For sake of completeness I will prove the statement in a more elementary way. Let's start by showing that $f^2$ is Riemann-integrable:
We know that $f:[a,b]\to \mathbb{R}$ is Riemann-integrable so it follows that $|f|$ is Riemann-integrable as well. It holds that $|f|^2=f^2$, so if $\int\limits_a^b f(x)^2dx $ exists then we have the equality $\int\limits_a^b |f(x)|^2dx =\int\limits_a^b f(x)^2dx$.
As $|f|$ is Riemann-integrable (and hence bounded) it follows that for an arbitrary $\epsilon>0$ there exists a partitition $P:=\{t_0,t_1\cdots, t_n\}$ of $[a,b]$ such that:
$$
\sum\limits_{i=1}^{n}(M_i-m_i)(t_i-t_{i-1})<\frac{\epsilon}{2\sup(|f|)},\\
\text{where } M_i:=\sup\{|f(x)|\mid x\in[t_{i-1},t_i]\}\\
\text{and } m_i:=\inf\{|f(x)|\mid x\in[t_{i-1},t_i]\}.
$$
Since $|f([a,b])|\geq 0$, we know that $\sup(|f|^2)=\sup(|f|)^2$ and $\inf(|f|^2)=\inf(|f|)^2$, respectively.

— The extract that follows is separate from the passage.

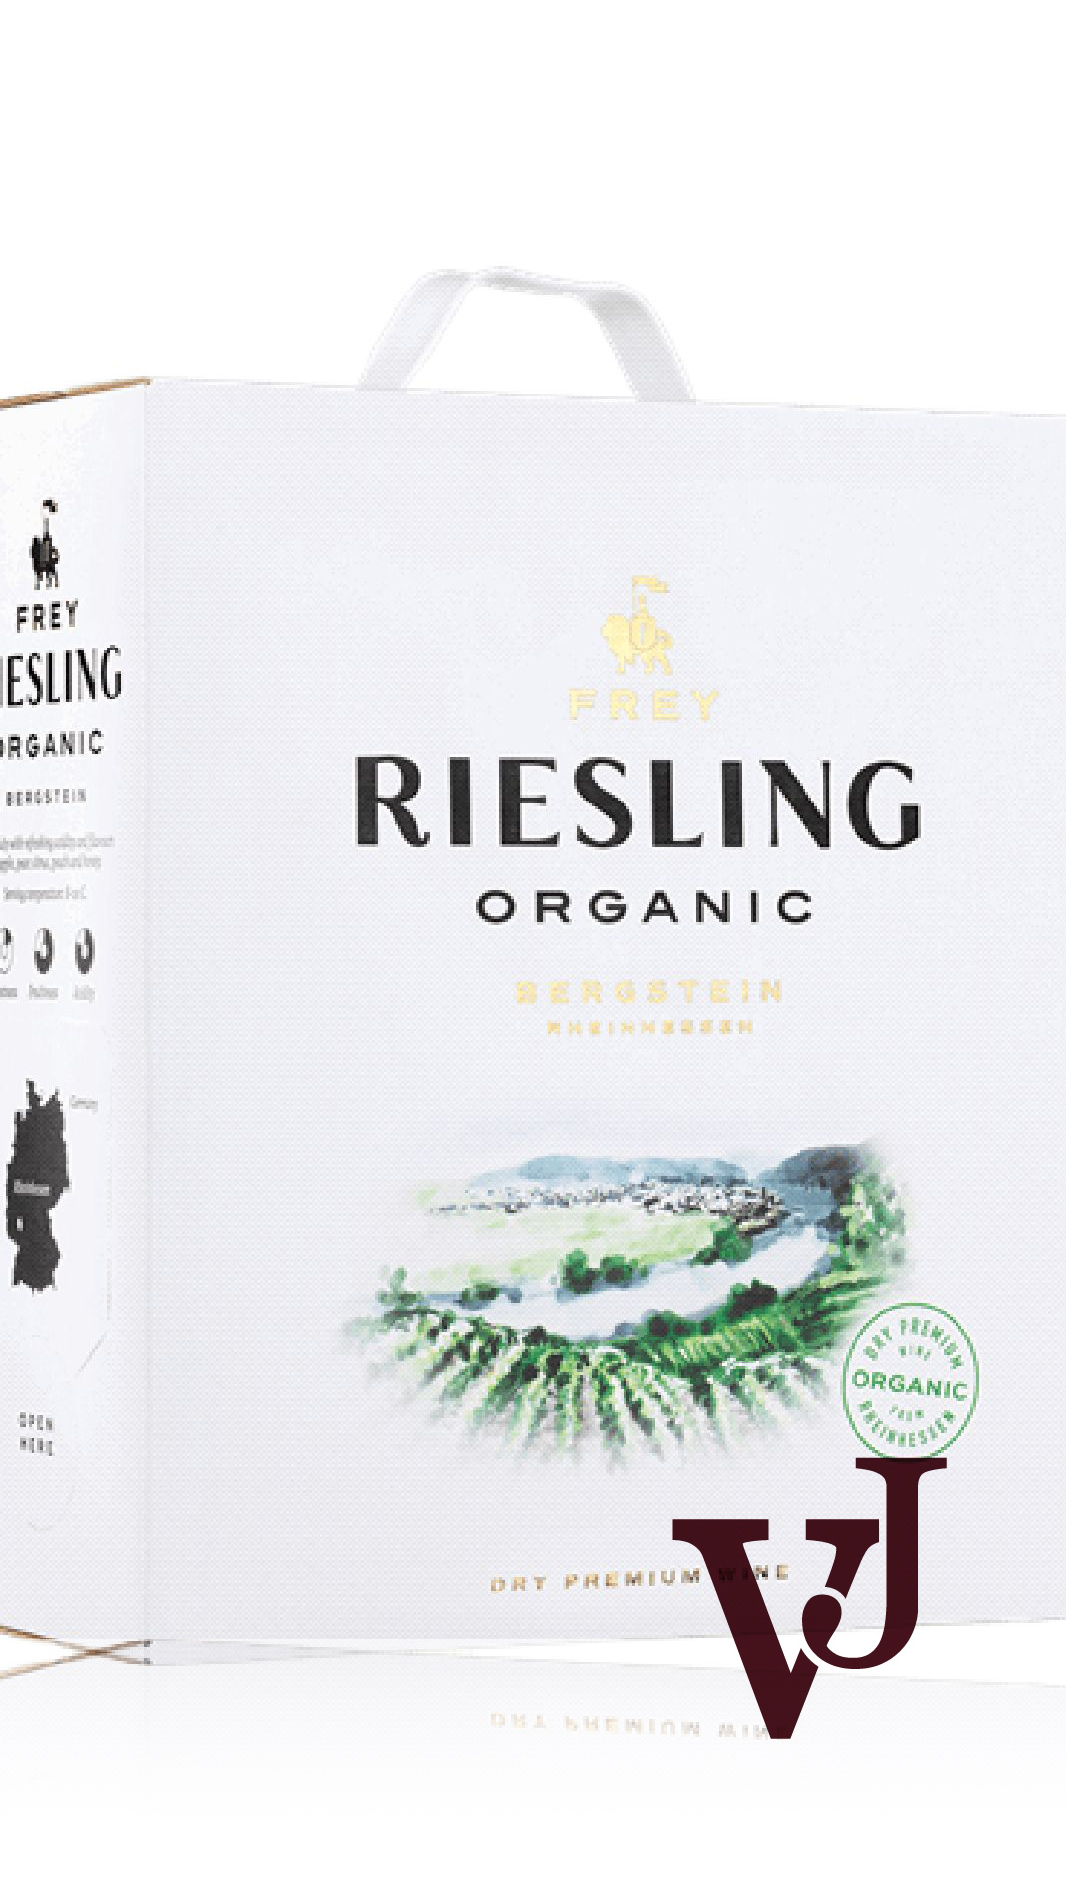 Vitt Vin - Frey Organic Riesling Bergstein artikel nummer 669607 från producenten Weingut Frey från området Tyskland
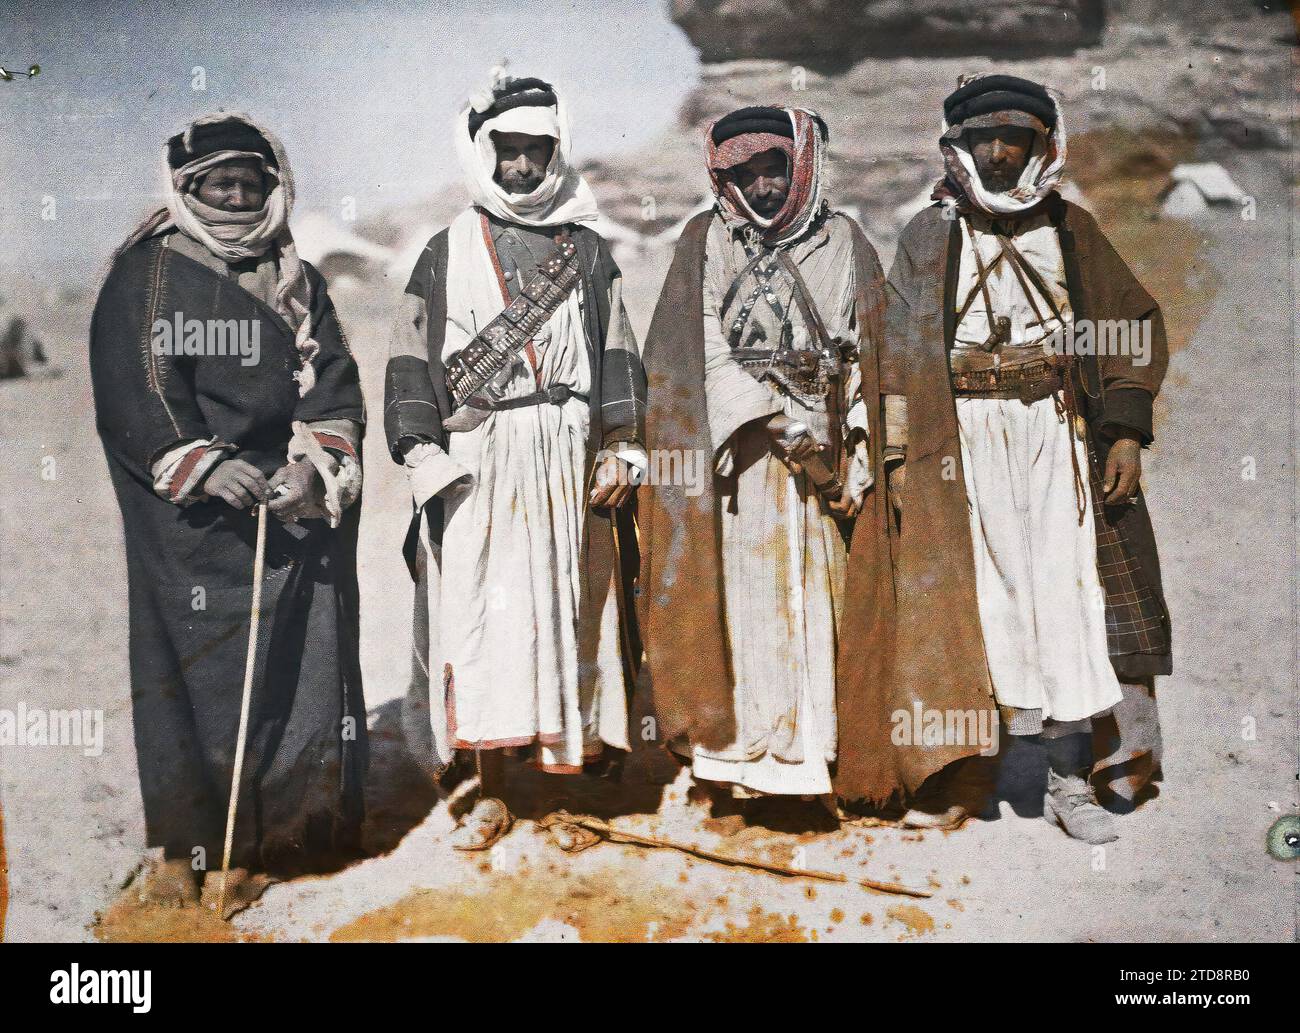 Quweira, Arabia (attuale Giordania) gruppo di combattenti delle forze arabe del Regno di Hejaz, abbigliamento, popolo, costume, beduino, ritratto di gruppo, accessorio, arma, cintura, acconciatura, copricapo, Man, Arabia, Gouaira, gruppo di beduini a Gouaira, al-Quwayrah, 02/03/1918 - 02/03/1918, Castelnau, Paul, 1918 - Medio Oriente, Egitto, Palestina, Chypre - Paul Castelnau (sezione fotografica dell'esercito) - (9 gennaio-6 ottobre), Autochrome, Photo, Glass, Autochrome, foto, positivo, orizzontale, dimensioni 9 x 12 cm Foto Stock

We use these results to give an upper bound of the difference of the Darboux-sums of $f^2$:
$$
\sum\limits_{i=1}^{n}(M'_i-m'_i)(t_i-t_{i-1})=\sum\limits_{i=1}^{n}(M_i^2-m_i^2)(t_i-t_{i-1})=\sum\limits_{i=1}^{n}(M_i-m_i)(M_i+m_i)(t_i-t_{i-1})\\ \leq 2\sup(|f|)\sum\limits_{i=1}^{n}(M_i-m_i)(t_i-t_{i-1})<2\sup(|f|)\frac{\epsilon}{2\sup(|f|)}=\epsilon\\
\text{where } M'_i:=\sup\{f(x)^2\mid x\in[t_{i-1},t_i]\}\\
\text{and } m'_i:=\inf\{f(x)^2\mid x\in[t_{i-1},t_i]\}.
$$
This shows that $f^2$ is Riemann-integrable. Applying the ordinary rules of Riemann-integrable functions (regarding addition of functions and multiplying factors) and the hint that $fg=\frac{1}{4}((f+g)^2-(f-g)^2)$ one immediately sees that $fg$ is Riemann-integrable.